Cents and Sensibility
A prudent investor steers
clear of the herd mentalityAs an investor, it's easy to "follow the herd" and just do what everyone else is doing. When the market is soaring, and everyone is pouring money in, it seems to make sense to be aggressive. Conversely, when we're in a long bear market, and everyone around you seems to be selling their stocks, or just sitting on the investment sidelines, then you probably feel pressure to do the same. But in the investment world, going along with the crowd can be a costly journey.
Intuitively, you might feel it's actually "safer" to act as others around you are acting. After all, you may reason, there's got to be some common rationale for investment behavior. Unfortunately, though, that's not the case. When the investing public acts in unison, two things are usually happening:
>> Over-reaction to past stimuli. If masses of people make similar investment decisions, they're usually reacting to past stimuli, such as news of a "hot" market sector. At one time, these types of events may indeed have been highly relevant to investors. But what was true then may not be true now. Yesterday's hot sector may have cooled off today -- and its prospects for tomorrow may look even worse.

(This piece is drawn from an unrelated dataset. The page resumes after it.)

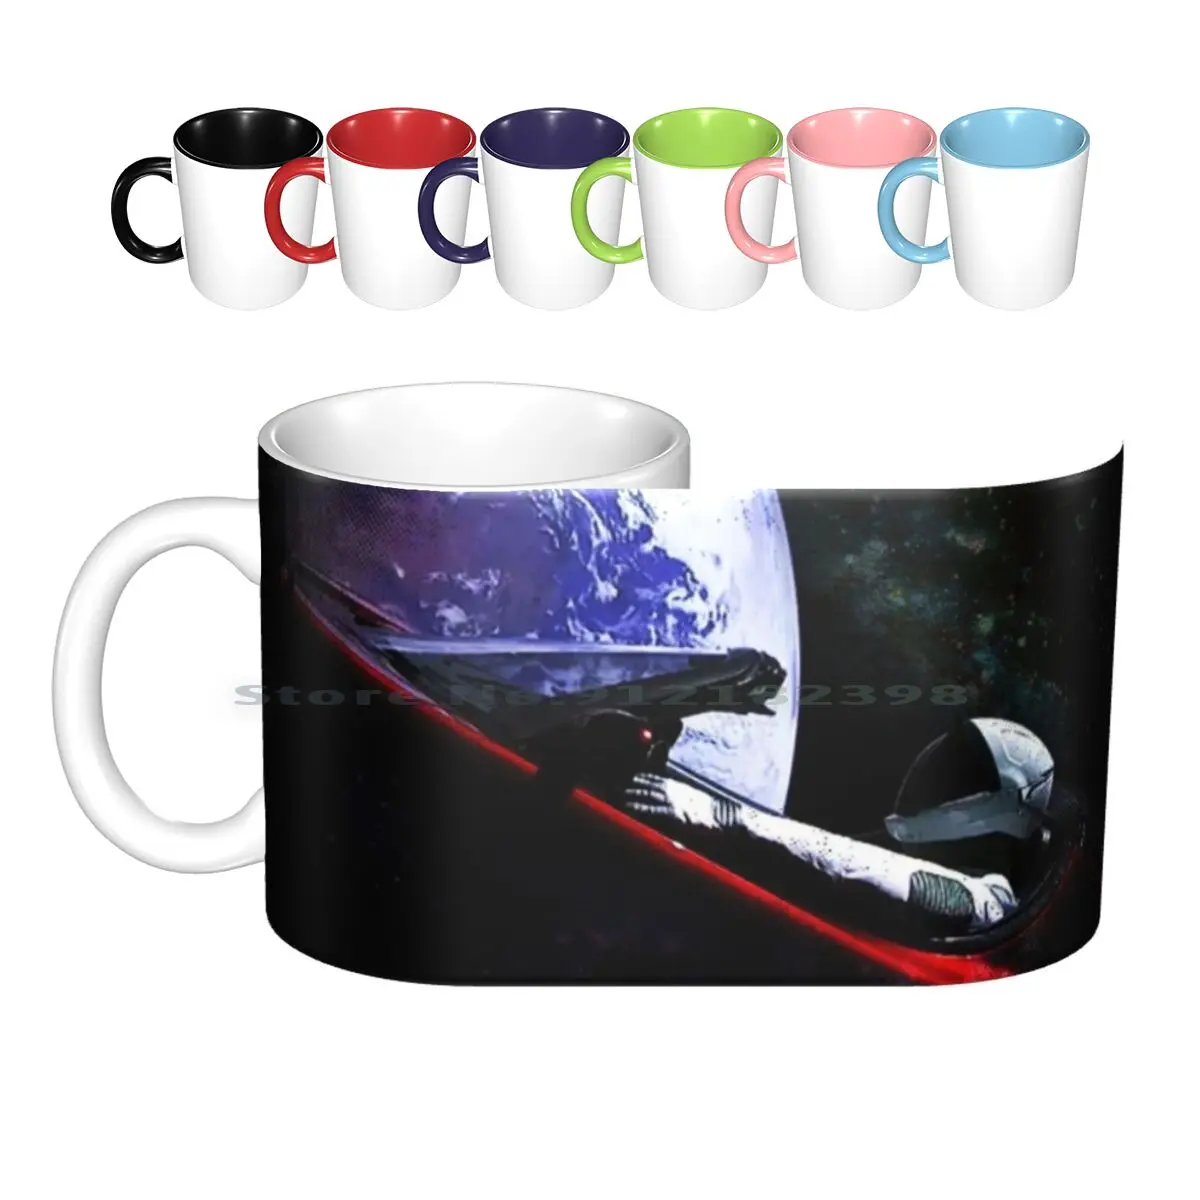 

Керамические кружки с надписью «Road To Ceramic», кофейные чашки, кружка для молока, чая, кружка Spacex Tesla Roadster, астронавт, космос, человек, земля, гала...

>> Decisions driven by emotions. You may have heard that "fear and greed drive the market." And that saying is usually true when you see huge run-ups or declines in stock prices. When the market is going up, greed can cause investors to keep buying and buying, under the mistaken belief that prices can keep moving higher indefinitely. As a result, stock prices are driven to unsupportable levels. On the other hand, investors' fear of losing money can cause them to sell their holdings at the wrong time, and then jump out of the market. When enough people do this, overall prices can be pushed lower than would otherwise be the case.
So, what can you do to avoid this type of investment "group think?" For starters, strive for objectivity. Evaluate a stock on its own merits. Are its financial fundamentals strong? That is, does it have a strong track record of earnings and a manageable debt load? Is its management team solid? Do they seem to have a clear vision of where they want to take the business? How about the company's products? Are they competitive within their industry? Is the industry itself strong, or is it declining?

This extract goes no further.